[[ Dataset section, beginning ]]
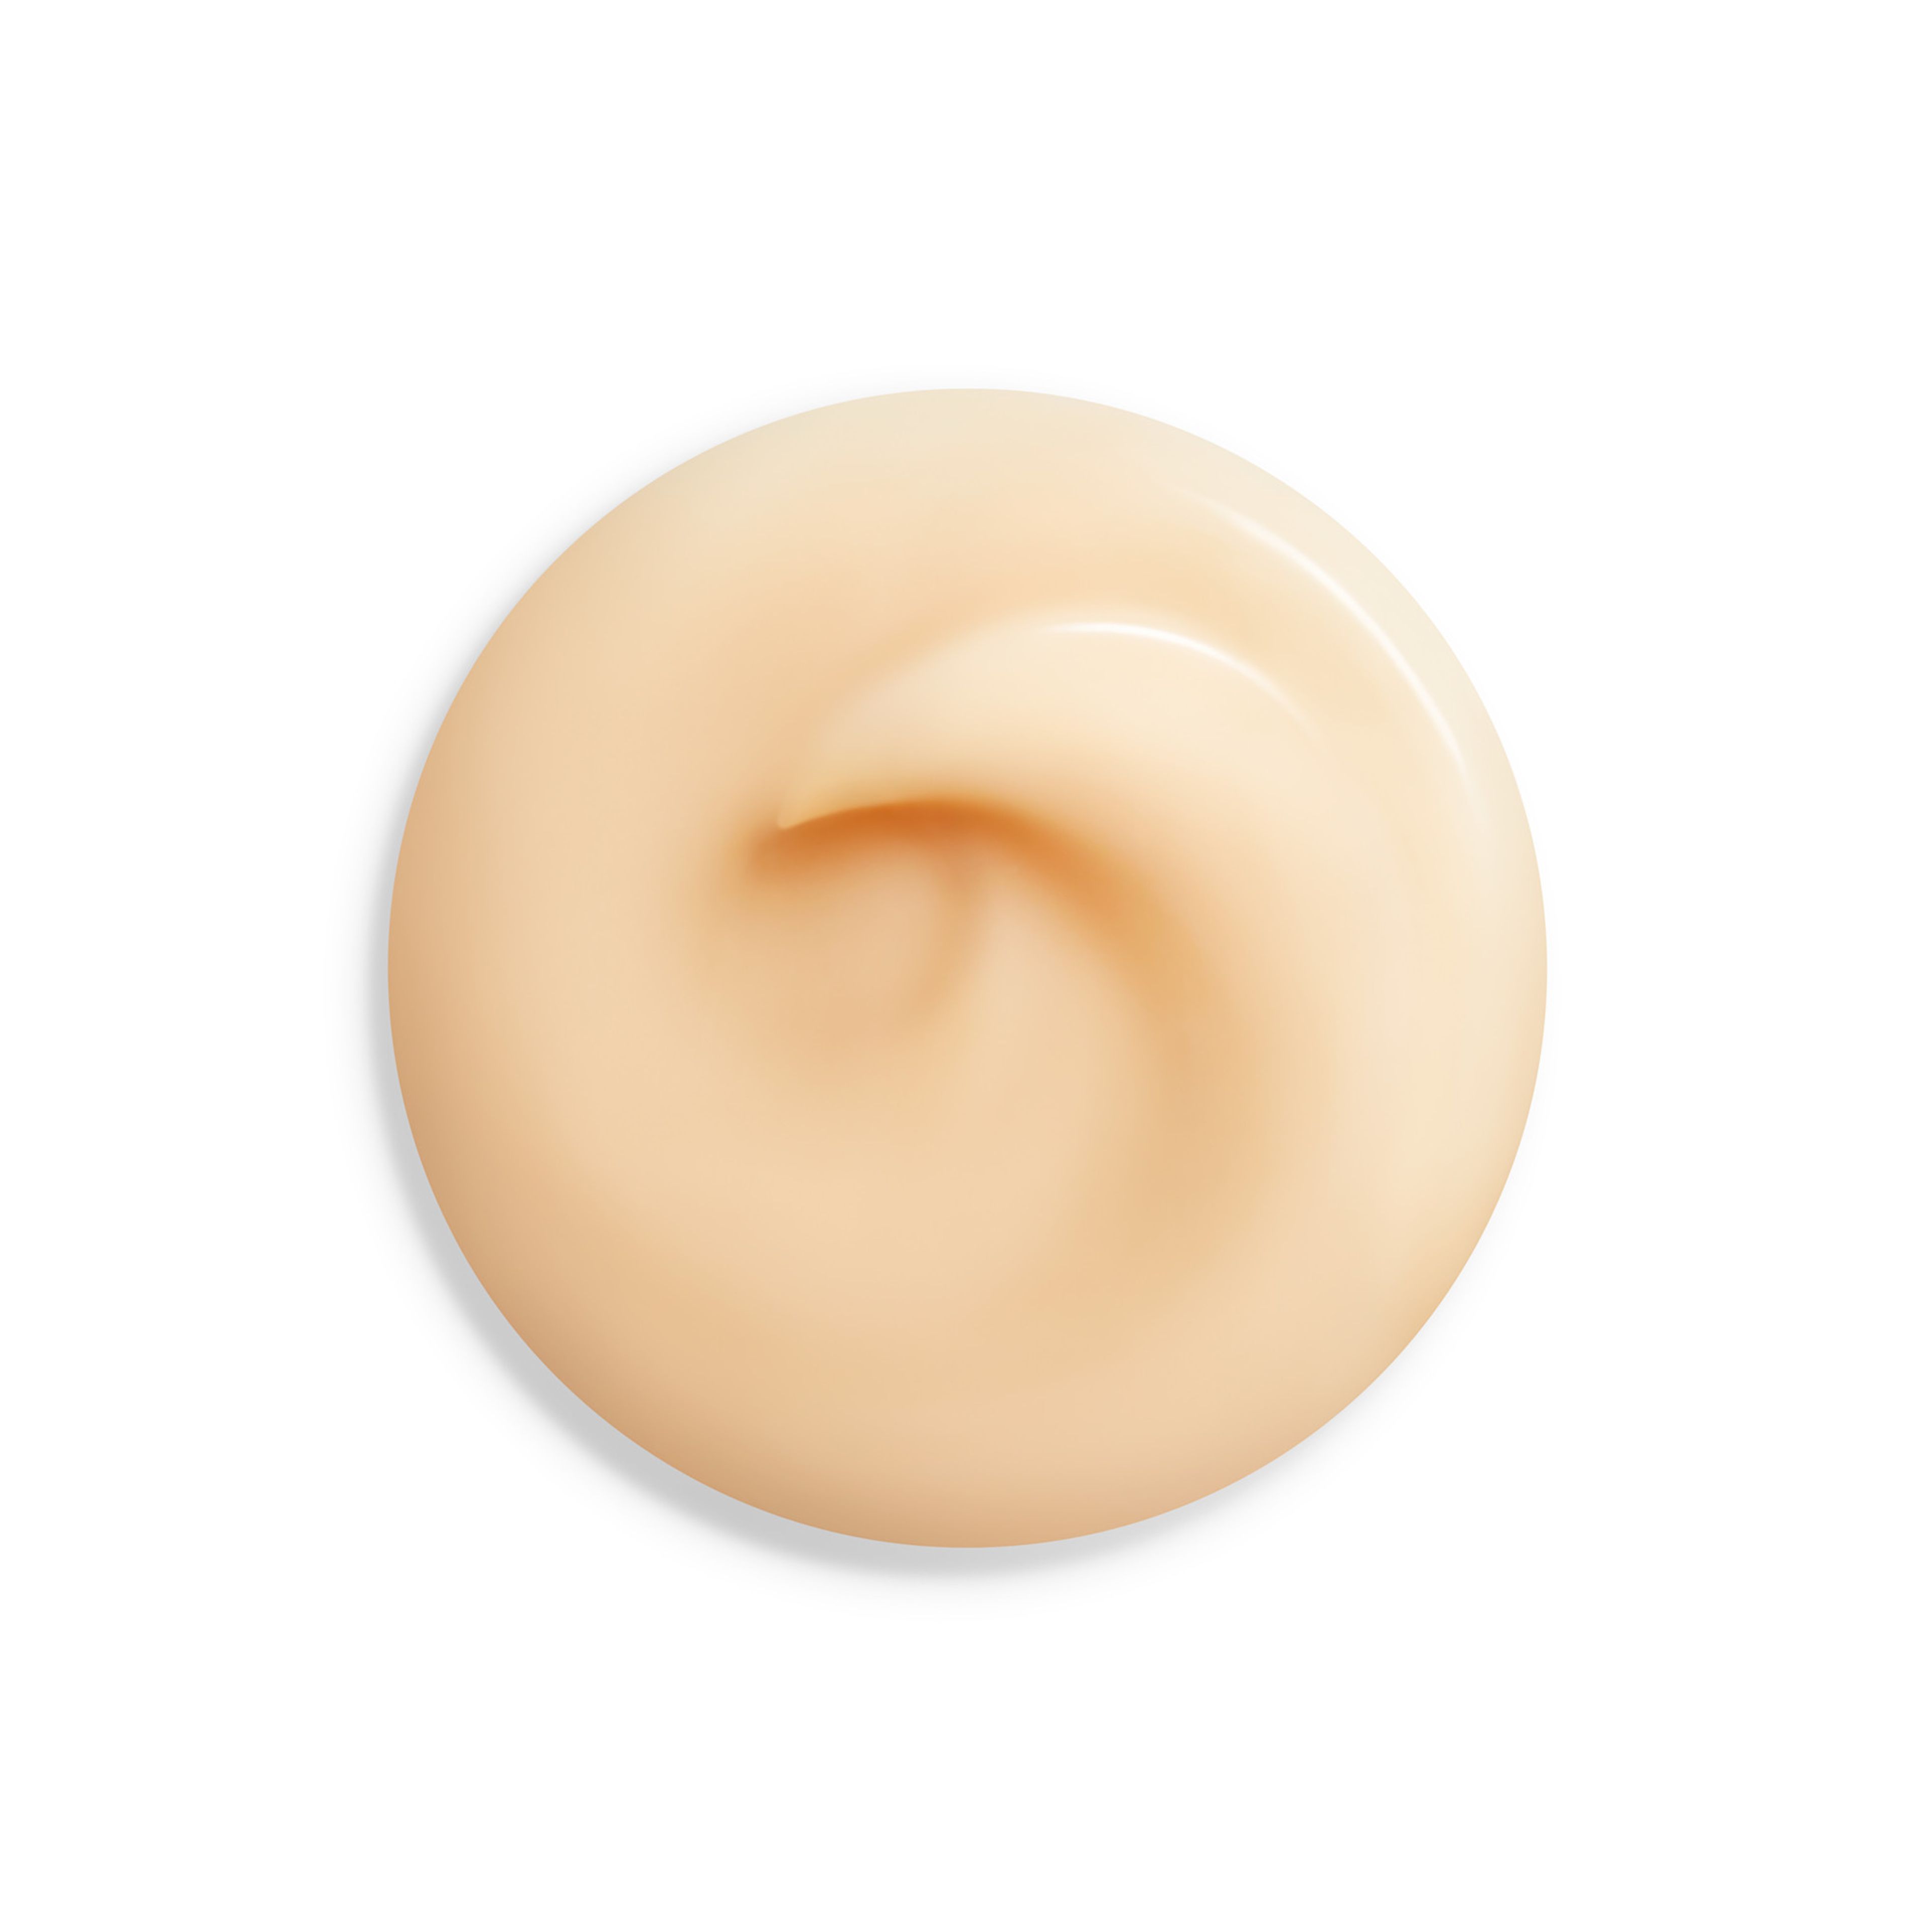 Shiseido Overnight Wrinkle Resisting Cream 2
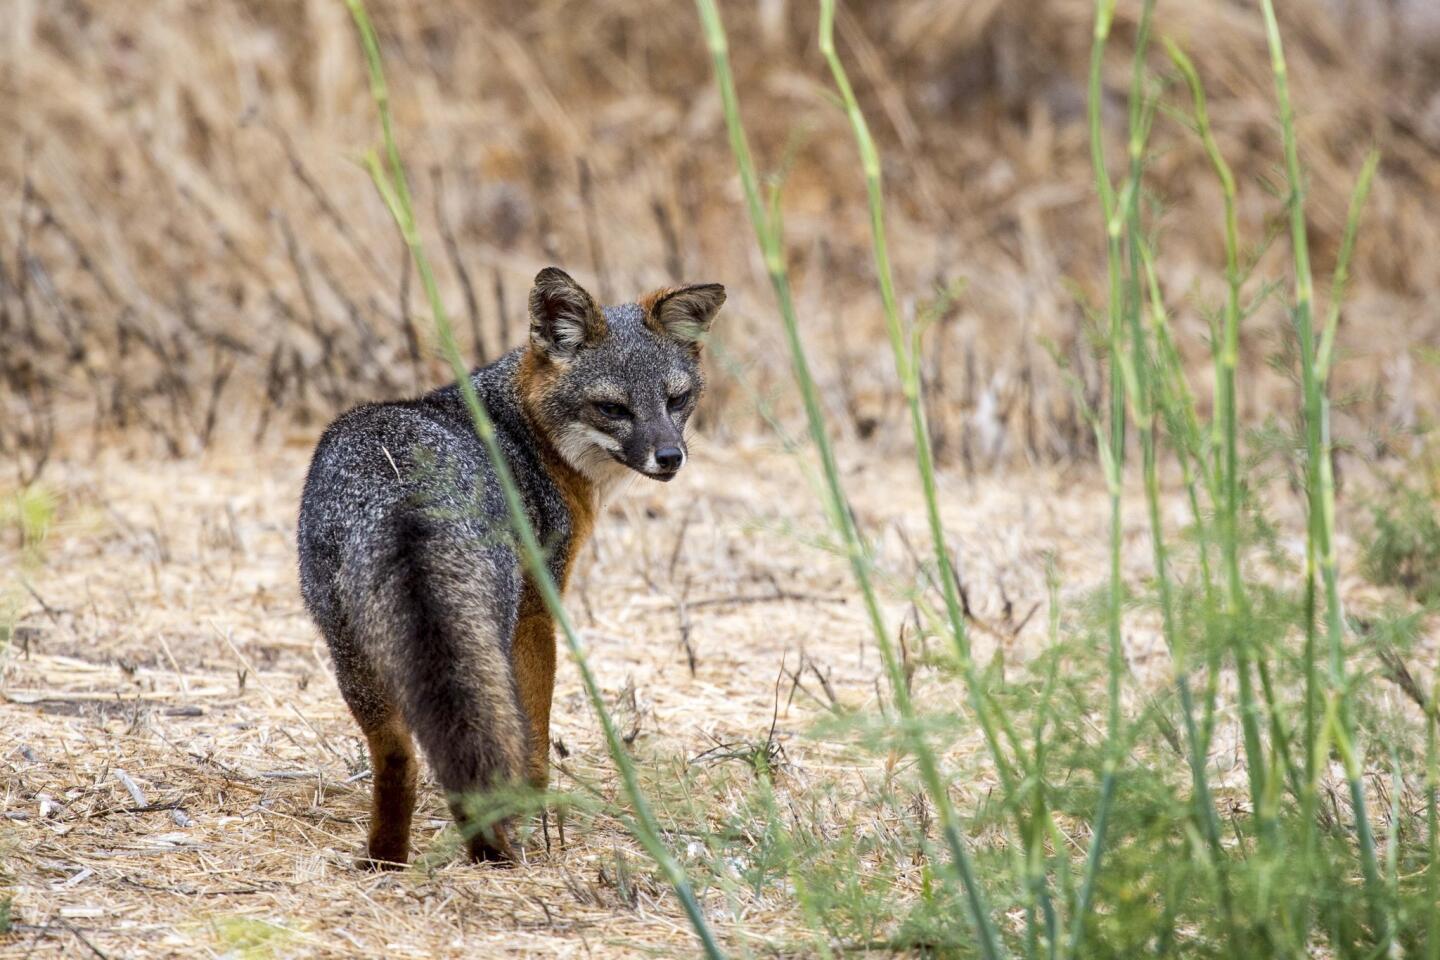 The Santa Cruz Island fox, one of the subspecies of fox native to California’s Channel Islands, on Santa Cruz Island.
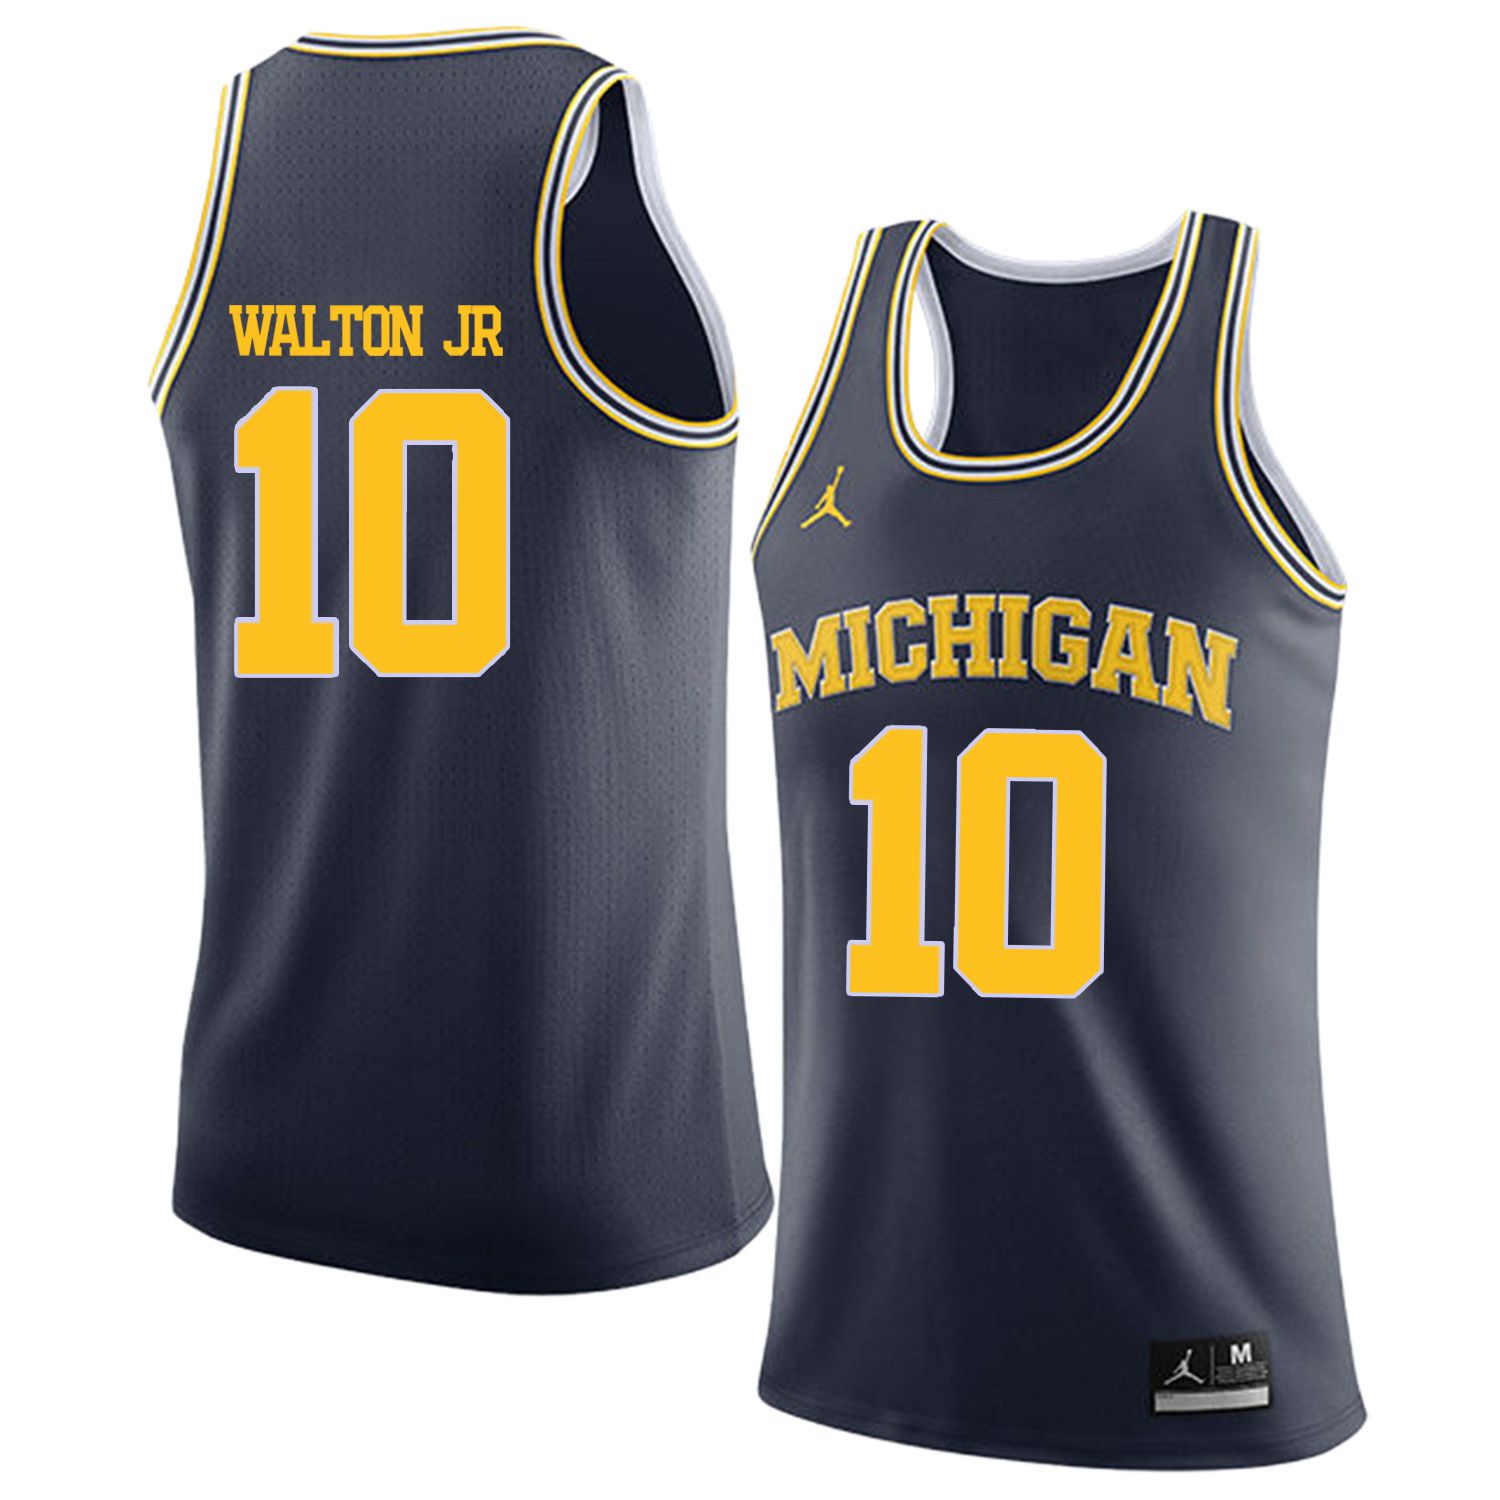 Men Jordan University of Michigan Basketball Navy 10 walton jr Customized NCAA Jerseys
[[ Dataset section, end ]]
◆ Problem details:
Could you please return each line of the material exactly, dropping the pictures?

◆ Task response:
 Shiseido Overnight Wrinkle Resisting Cream 2
 The Santa Cruz Island fox, one of the subspecies of fox native to California’s Channel Islands, on Santa Cruz Island.
 Men Jordan University of Michigan Basketball Navy 10 walton jr Customized NCAA Jerseys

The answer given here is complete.